CO (g) + Cl2 (g) ↔ COCl2 (g
In one experiment, 0.93 bar of CO was combined with 1.01 bars of Cl¬2 in a reaction vessel at 700K. After the system reached equilibrium, the total pressure was 1.24 bars. Calculate Kp0 for the system.
To calculate Kp0 for the system, we need to know the equilibrium partial pressures of CO, Cl2, and COCl2.
Given:
Initial pressure of CO, PCO = 0.93 bar
Initial pressure of Cl2, PCl2 = 1.01 bar
Total pressure at equilibrium, Ptotal = 1.24 bar
At equilibrium, let's assume the partial pressure of COCl2 is PCOCl2. The reaction stoichiometry tells us that the number of moles of COCl2 formed is the same as the number of moles of CO or Cl2 consumed.

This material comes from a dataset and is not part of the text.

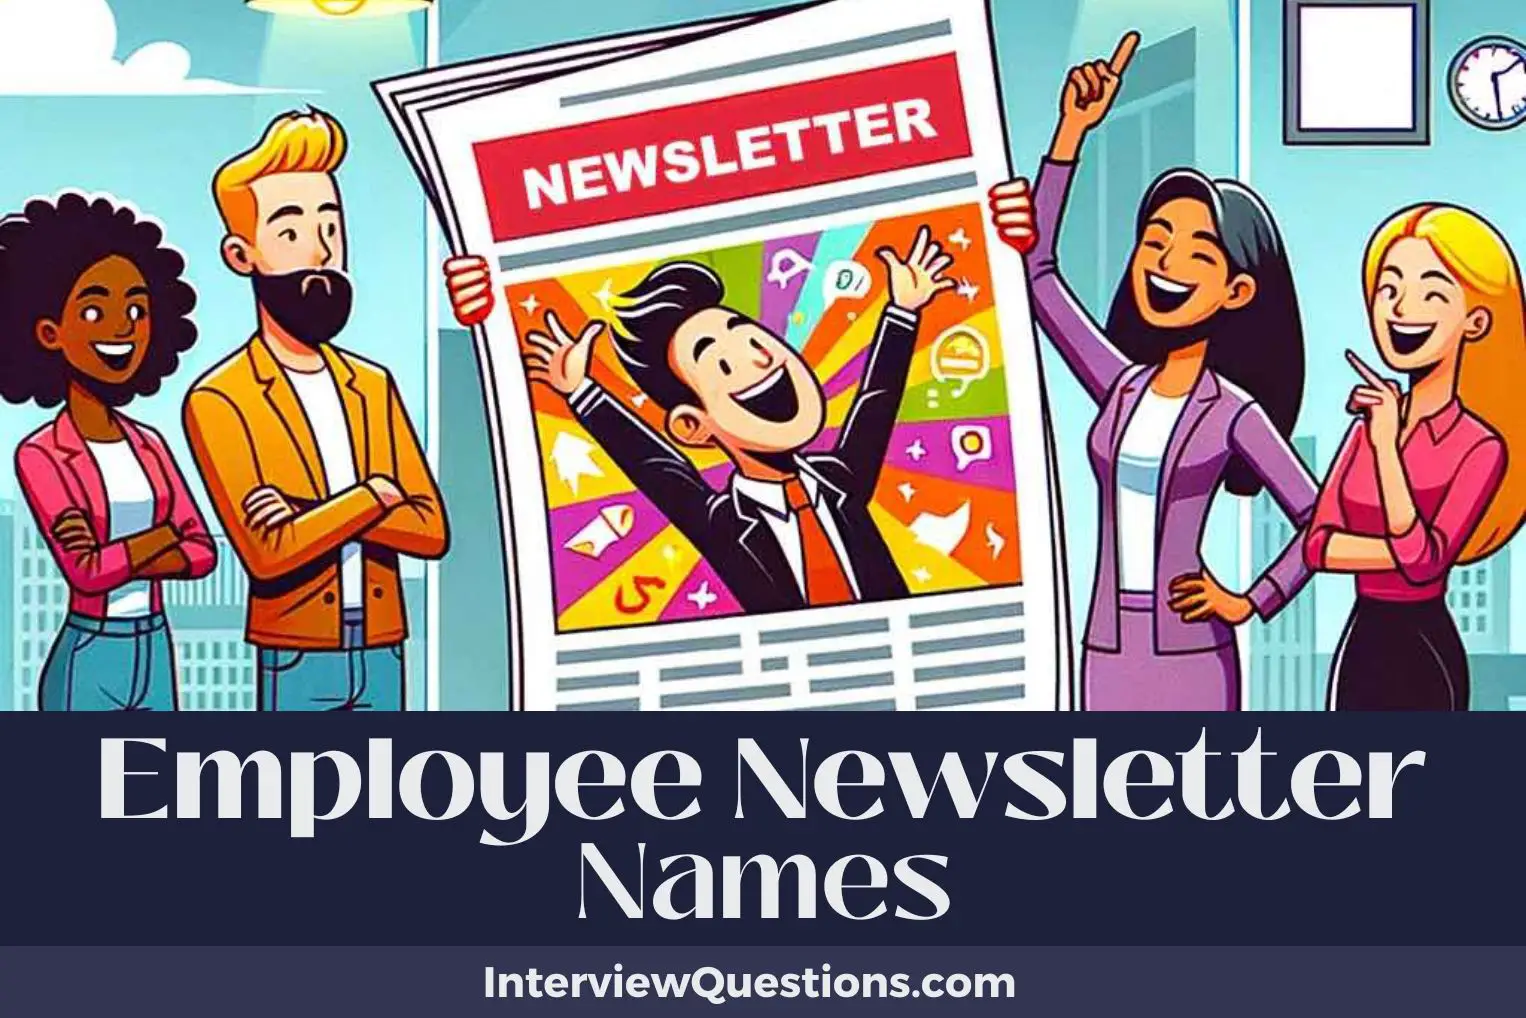 Employee Newsletter Names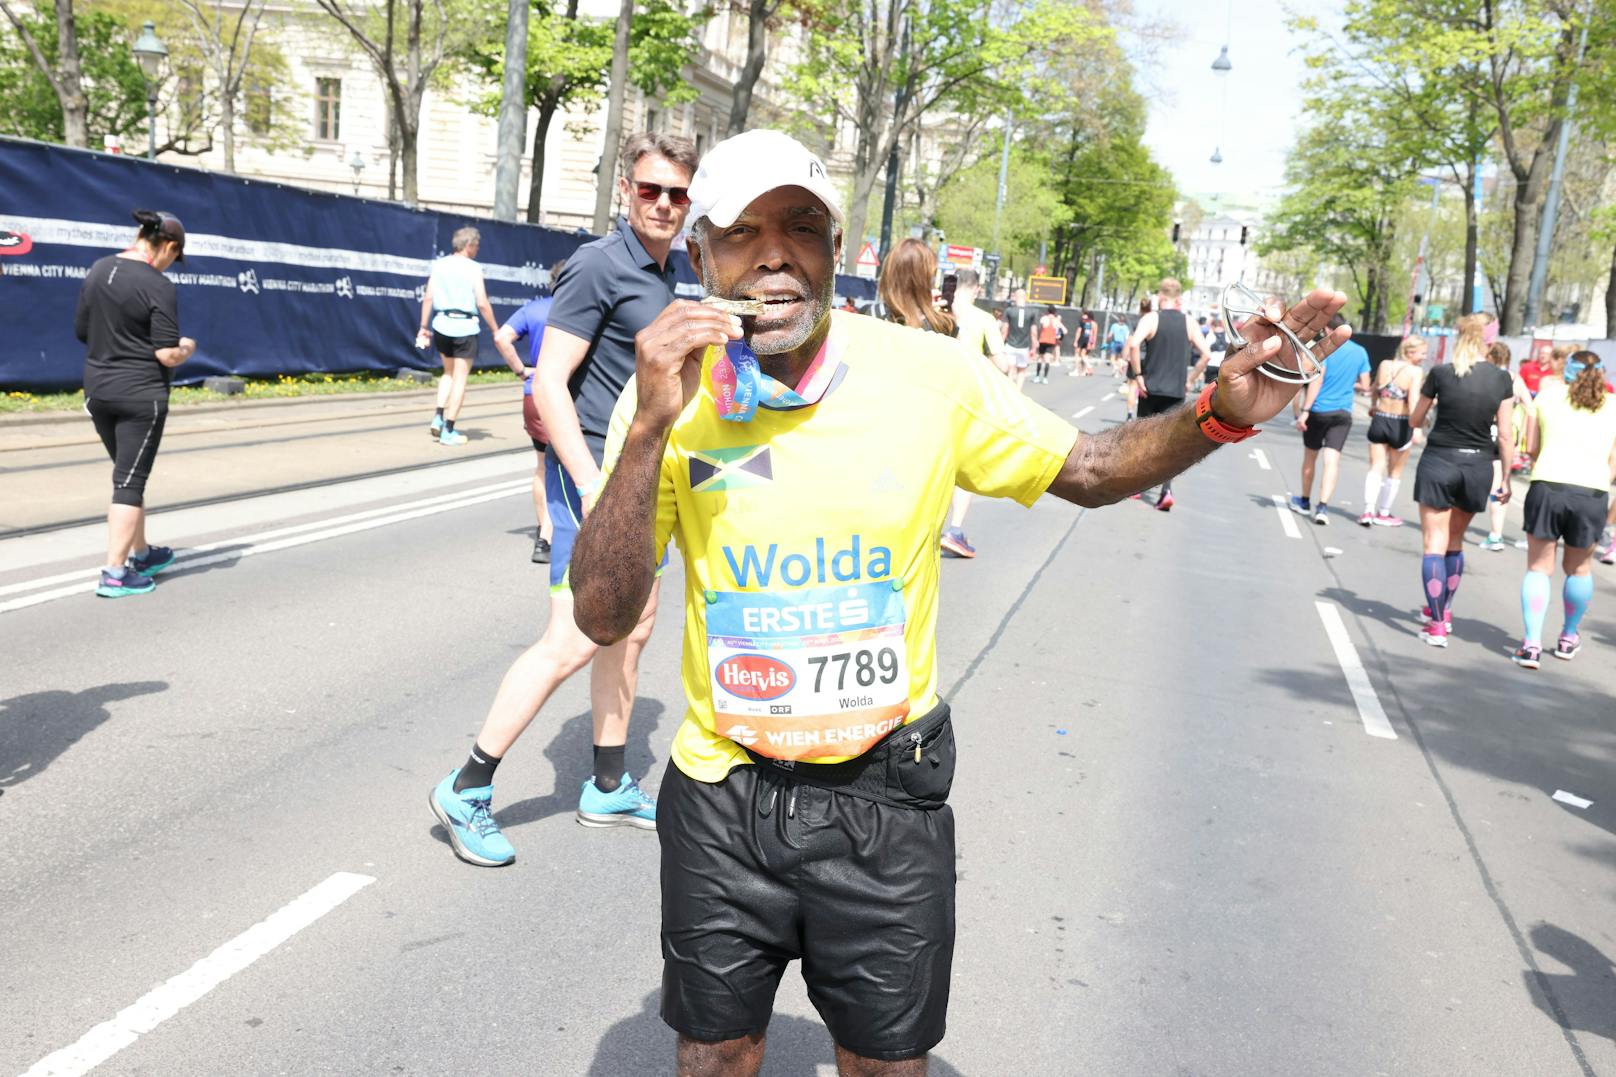 Wolda Grant reiste aus Jamaika an: "Das war schon mein siebenter Marathon in Wien."

Since the reaction is at equilibrium, we can set up an ICE table (Initial, Change, Equilibrium) to determine the values we need:
CO (g) + Cl2 (g) ↔ COCl2 (g)
P | P | P
-------------------------------------------
CO | 0.93 | -x | 0.93 - x
Cl2 | 1.01 | -x | 1.01 - x
COCl2 | 0 | +x | x
Based on this table, we can write the expression for the equilibrium constant Kp0 using the partial pressures:
Kp0 = (PCOCl2) / (PCO × PCl2)
To find the value of x, we can use the equation for Dalton's Law of Partial Pressures, which states that the total pressure is the sum of the partial pressures:
Ptotal = PCO + PCl2 + PCOCl2
Substituting the given values:
1.24 bar = 0.93 bar - x + 1.01 bar - x + x
Simplifying,
1.24 bar = 1.94 bar - x
x = 1.94 bar - 1.24 bar
x = 0.7 bar
Now, let's substitute the values back into the expression for Kp0:
Kp0 = x / [(0.93 bar - x) × (1.01 bar - x)]
= 0.7 bar / [(0.93 bar - 0.7 bar) × (1.01 bar - 0.7 bar)]
Kp0 = 0.7 / (0.23 × 0.31)
= 10.04
Therefore, the value of Kp0 for the system is approximately 10.04.